**What to do:**
Reproduce the data below in full and to the letter, images excepted.

**Dataset excerpt:**
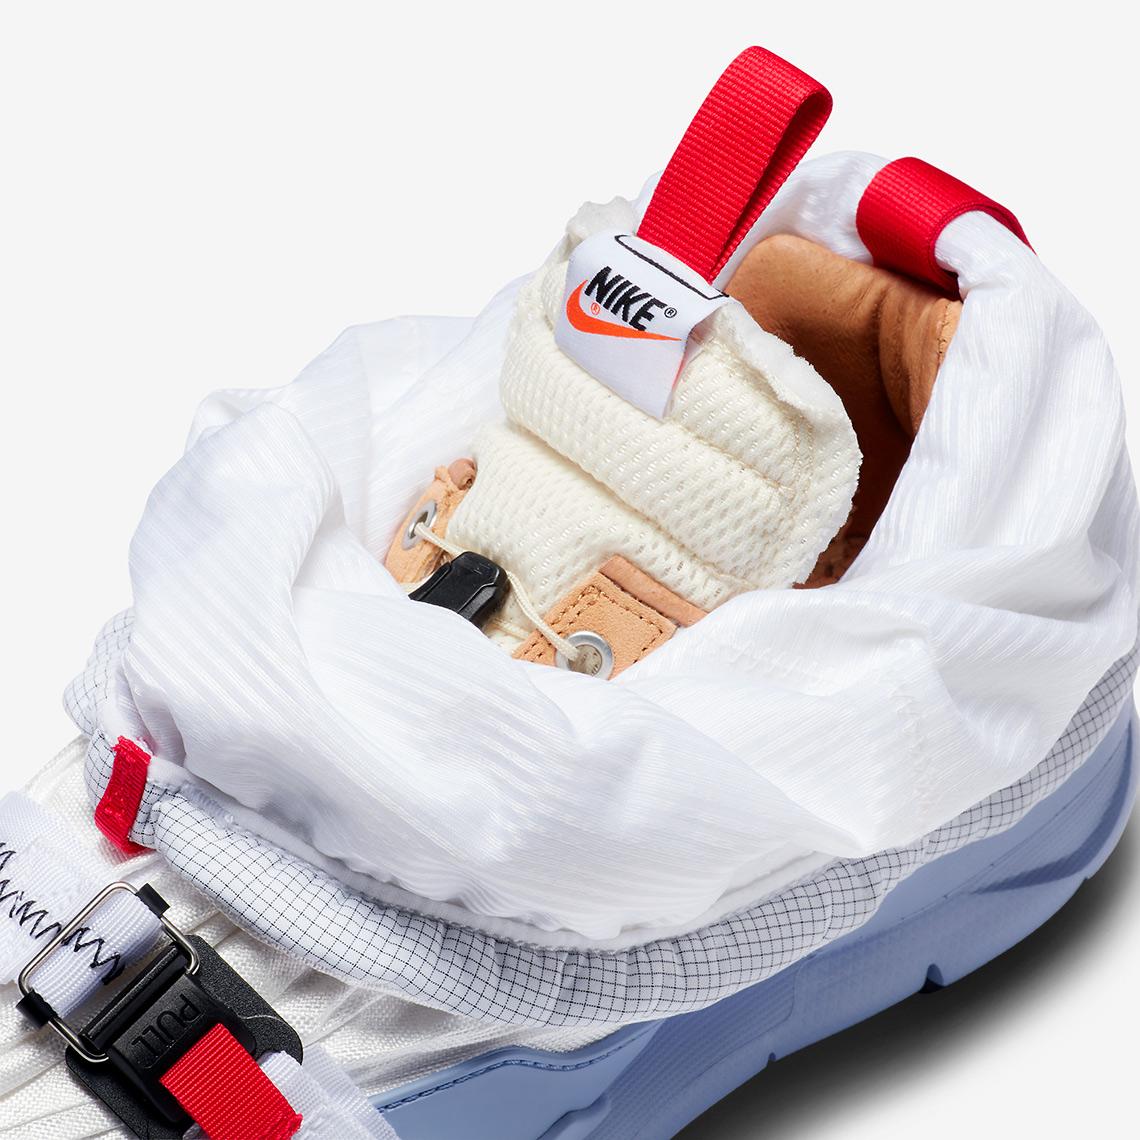 on sale 341e2 d645a Tom Sachs Nike Mars Yard Overshoe AH7767-101 Release   SneakerNews.com
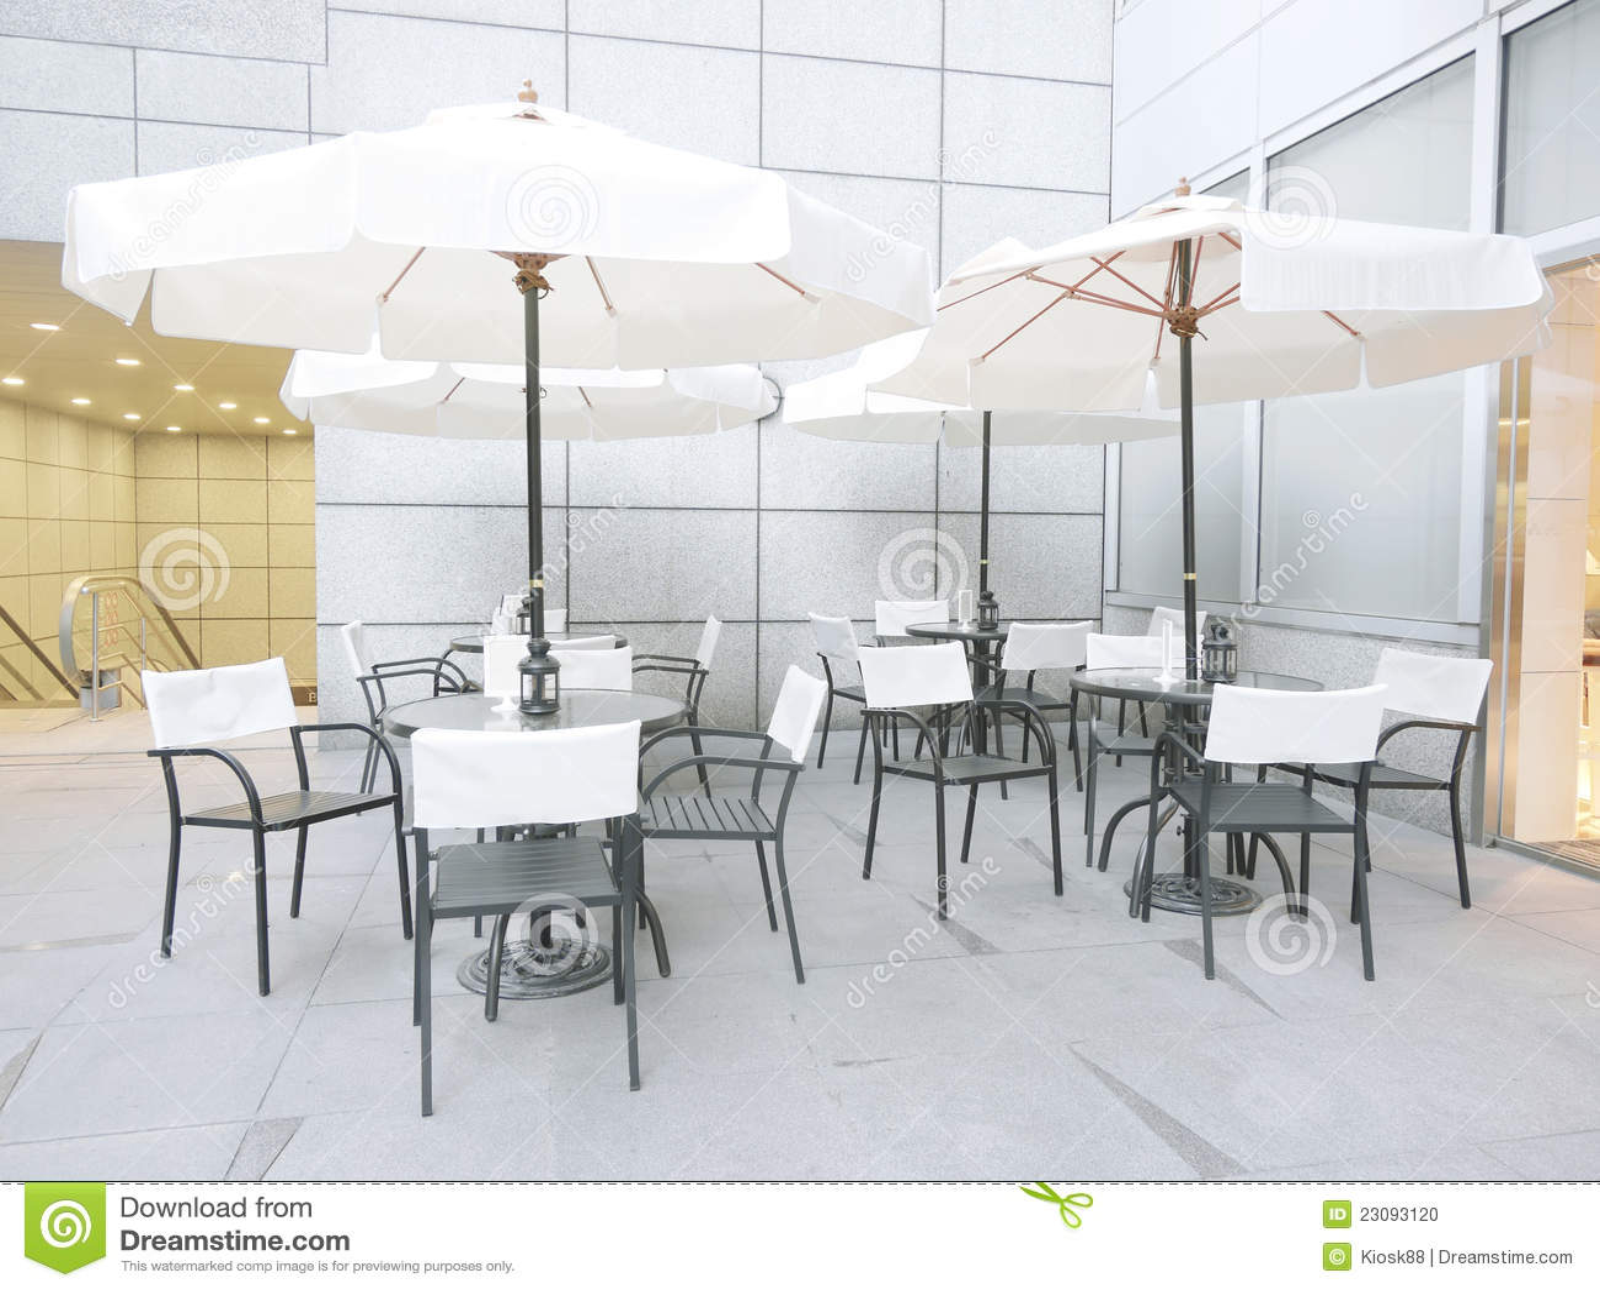 Outdoor Coffee Shop Stock Photo Image 23093120
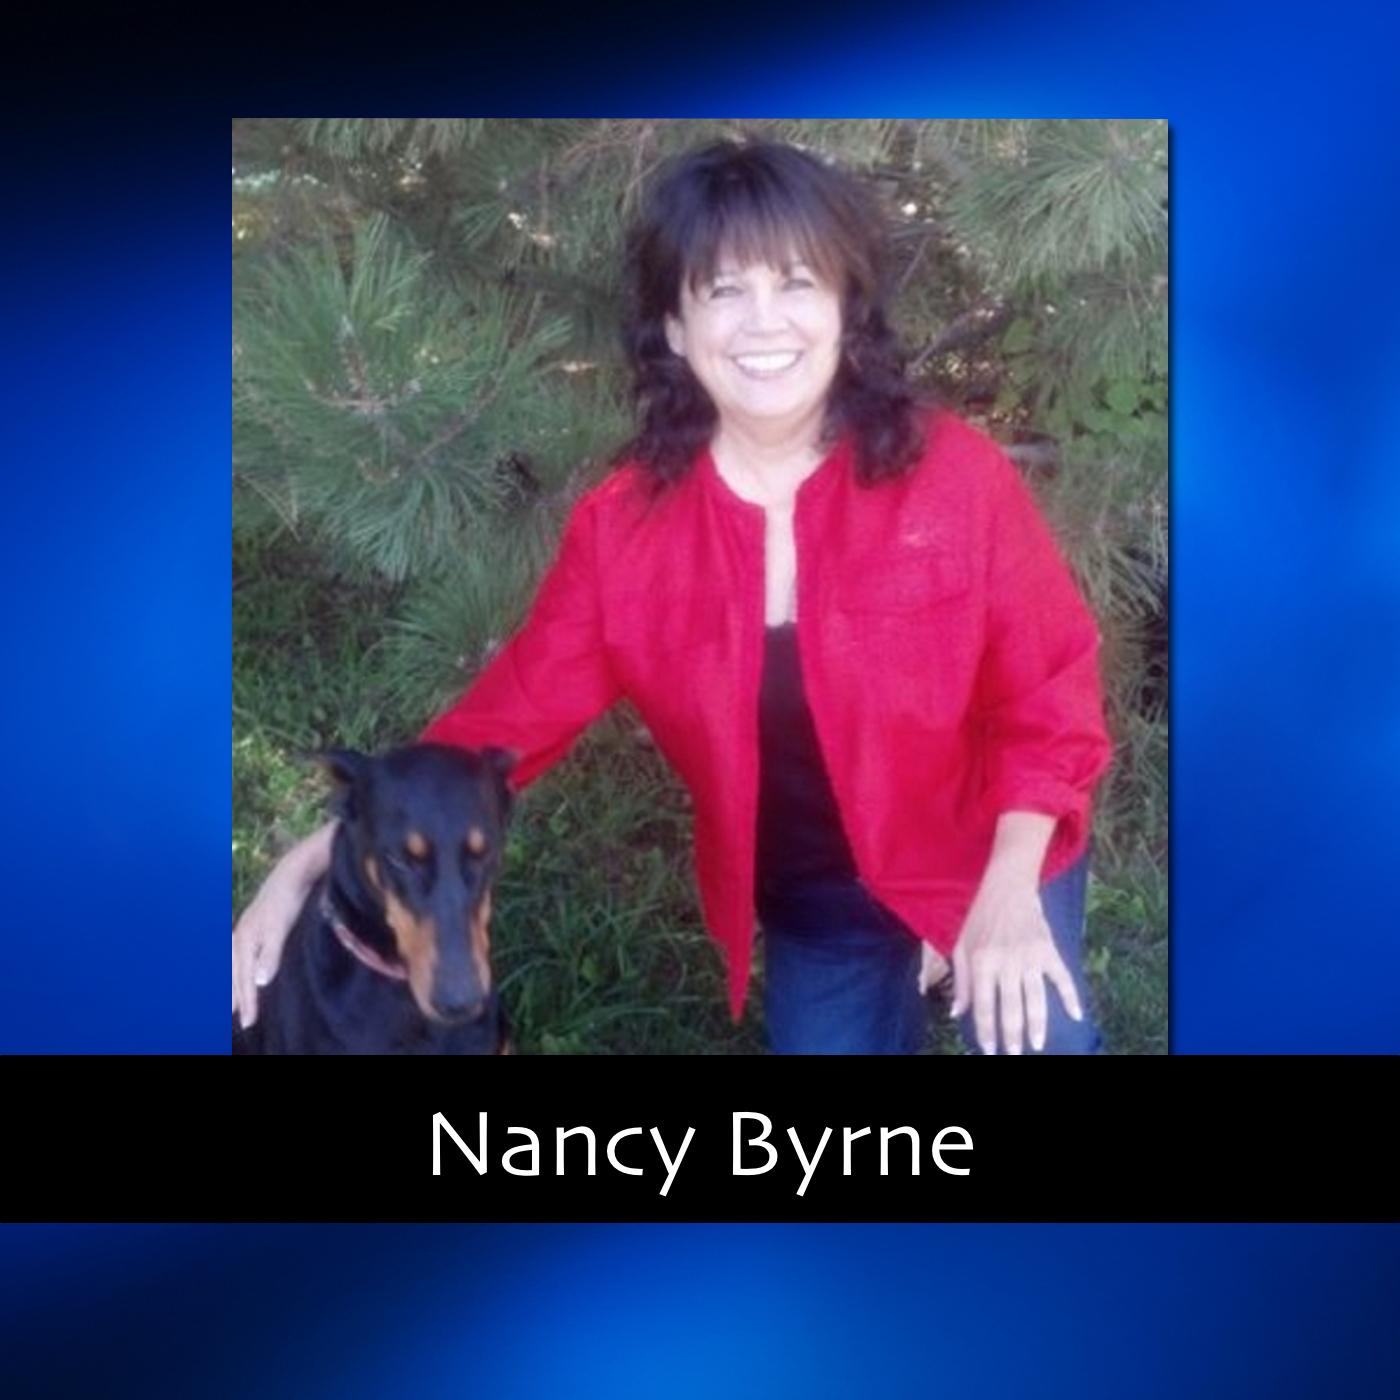 Nancy Byrne Thumb.jpg

**Response to this exercise:**
 on sale 341e2 d645a Tom Sachs Nike Mars Yard Overshoe AH7767-101 Release   SneakerNews.com
 Outdoor Coffee Shop Stock Photo Image 23093120
 Nancy Byrne Thumb.jpg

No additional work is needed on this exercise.